Contractual Obligations

Nymox has no contractual obligations of significance other than its accounts payable, accrued liabilities and the following:

Contractual Obligations Total Less than 1 year 1-3 years 4-5 years
Rent for laboratory and office space $148,023 $123,636 $24,387 $0
Insurance premium installments $0 $0 $0 $0
Operating leases $4,823 $4,823 $0 $0
Convertible notes $1,070,000 $1,070,000 $0 $0
Interest and fees on convertible notes $57,067 $57,067 $0 $0
Total Contractual Obligations other than accounts
payable and accrued liabilities
$1,279,913 $1,255,526 $24,387 $0

The redeemable preferred shares for the Corporation’s subsidiary Serex, Inc. in the amount of $400,000 have no specific terms of repayment.

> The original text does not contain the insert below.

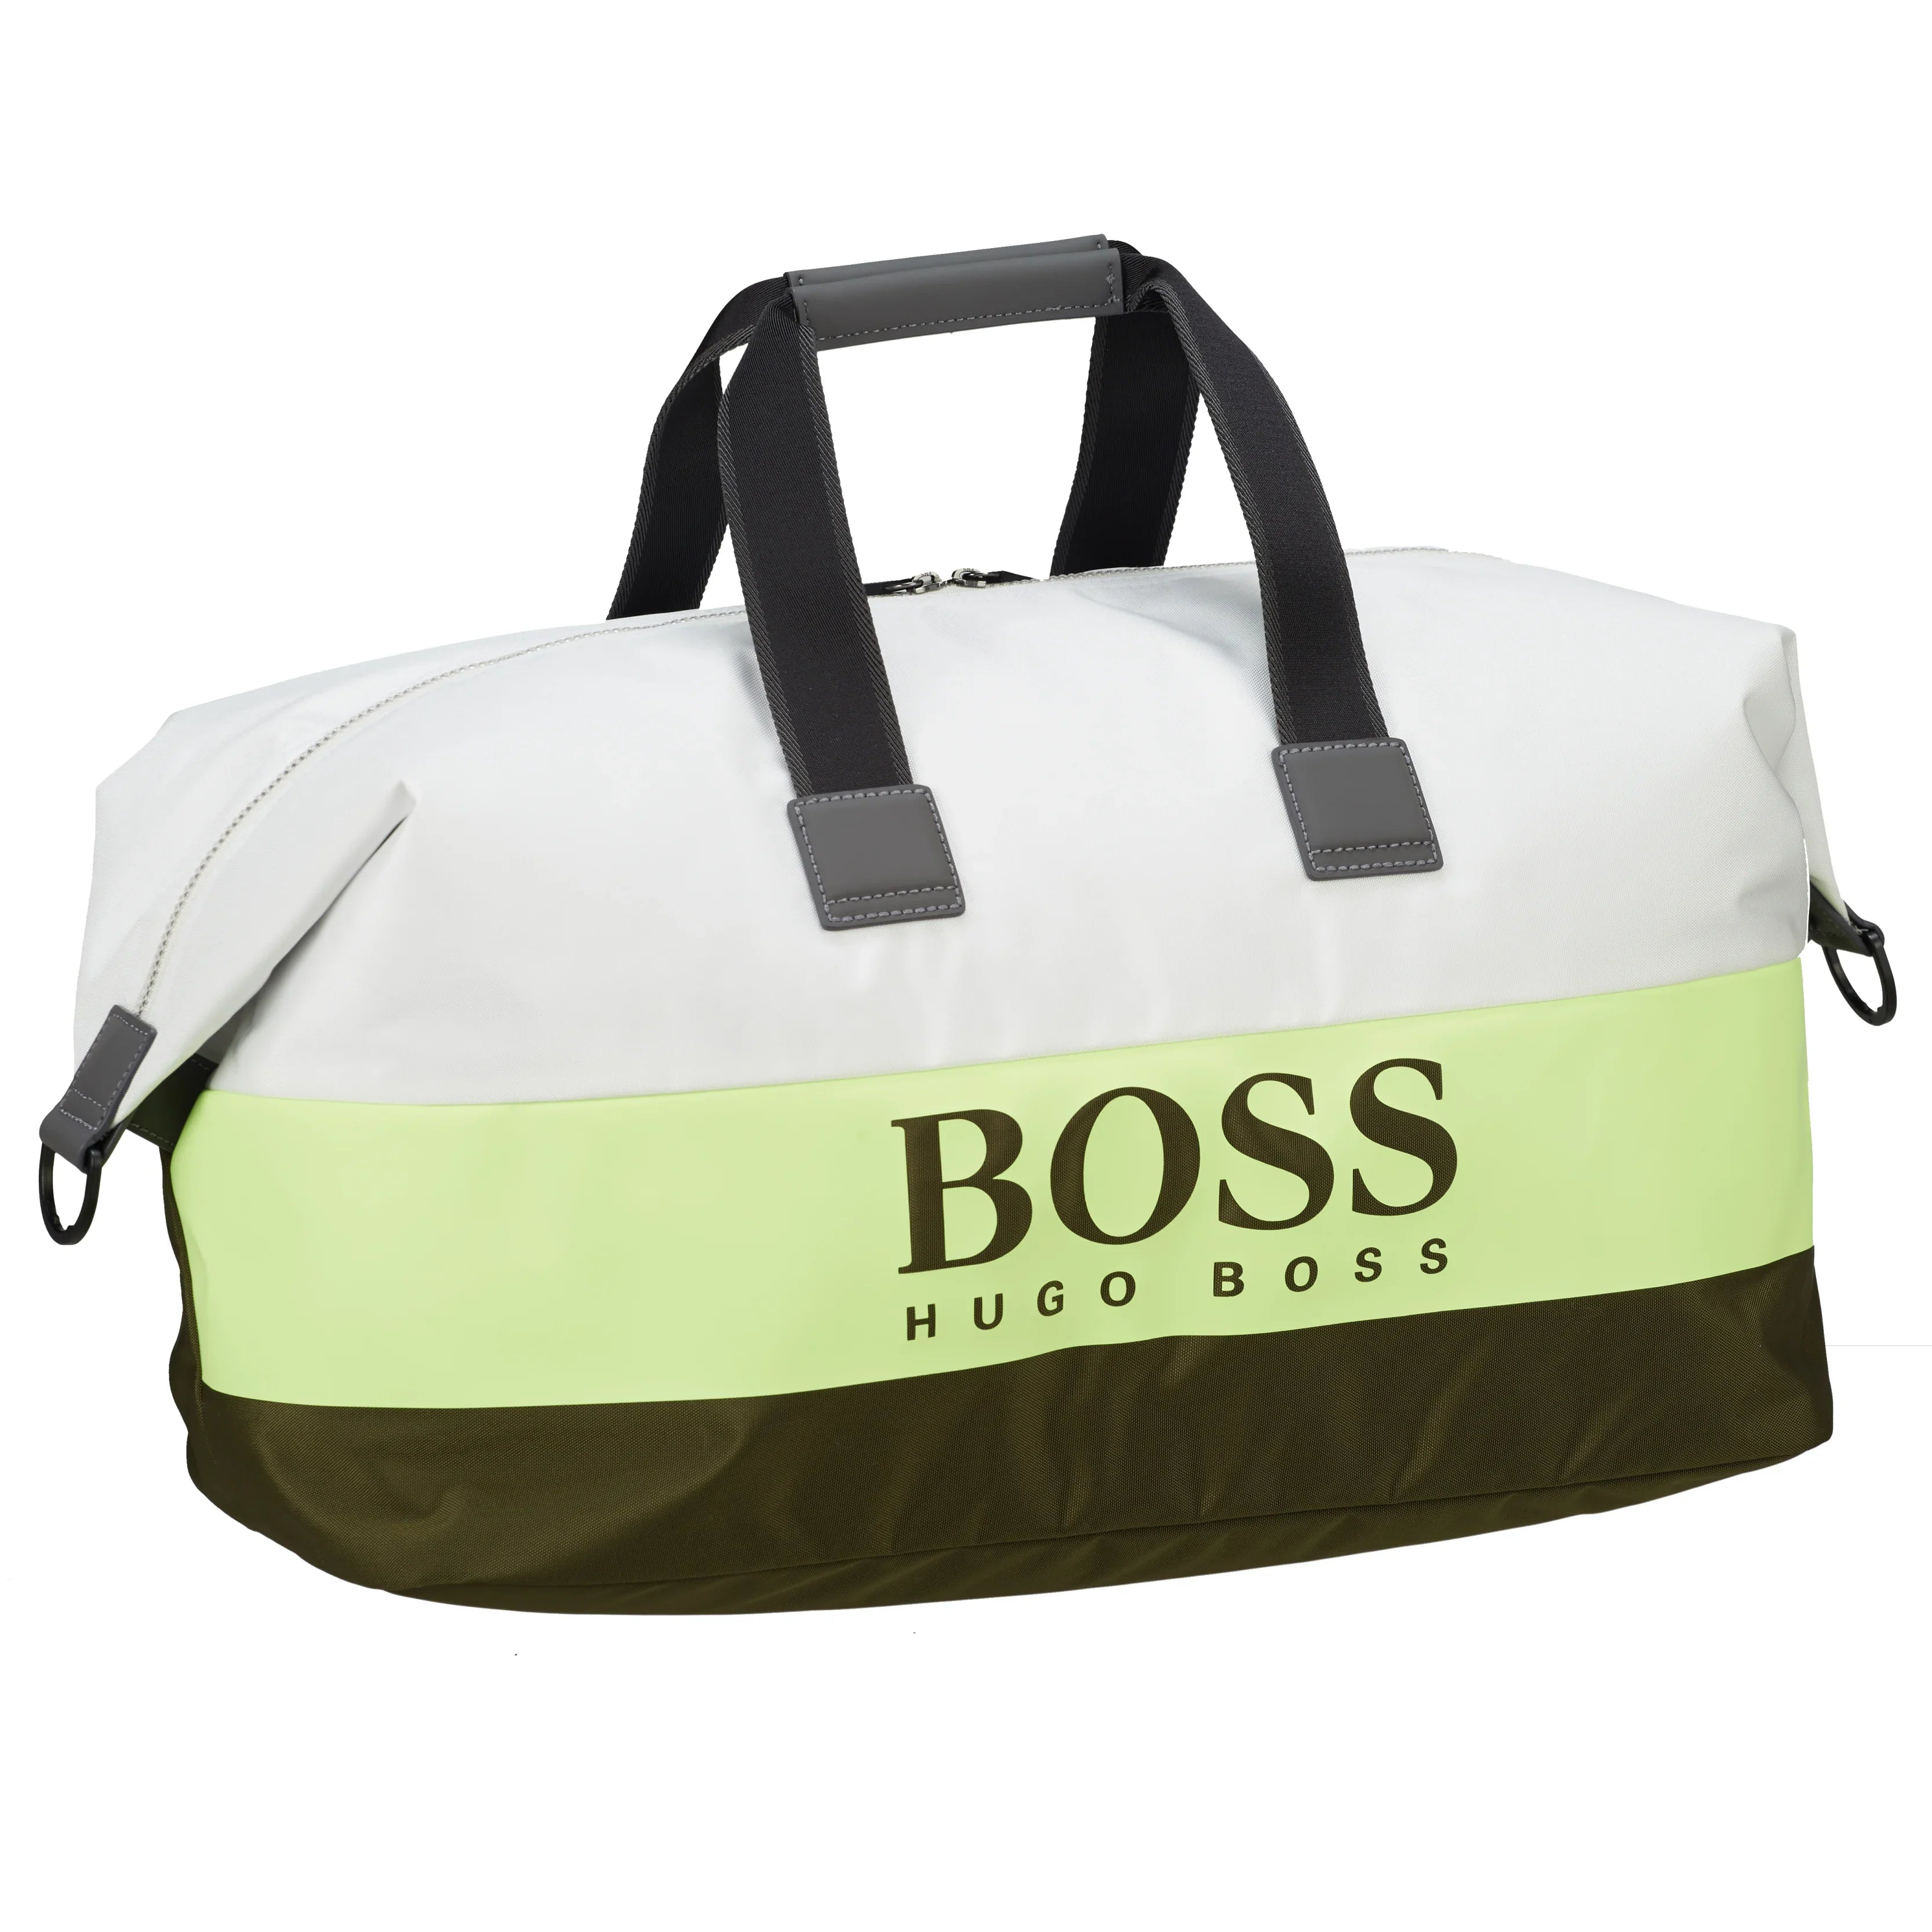 BOSS Pixel ST sac de voyage 52 cm - blanc vert

Off-Balance Sheet Arrangements

The Corporation has no binding commitments for the purchase of property, equipment or intellectual property. The Corporation has no commitments that are not reflected in the statement of financial position except for operating leases and insurance premium installments.

Transactions with Related Parties

The Corporation had no transactions with related parties in 2017 and 2016 other than those disclosed for key management personnel in note 9 of the unaudited condensed interim Consolidated Financial Statements.

Financial Position

Liquidity, Capital Resources

As of March 31,2017, cash and receivables including tax credits receivable totaled $1,648,825 compared with $2,027,346 at December 31, 2016. The decrease is mainly due to cash used for general and administrative purposes and to support the preparation of the regulatory submissions of Fexapotide.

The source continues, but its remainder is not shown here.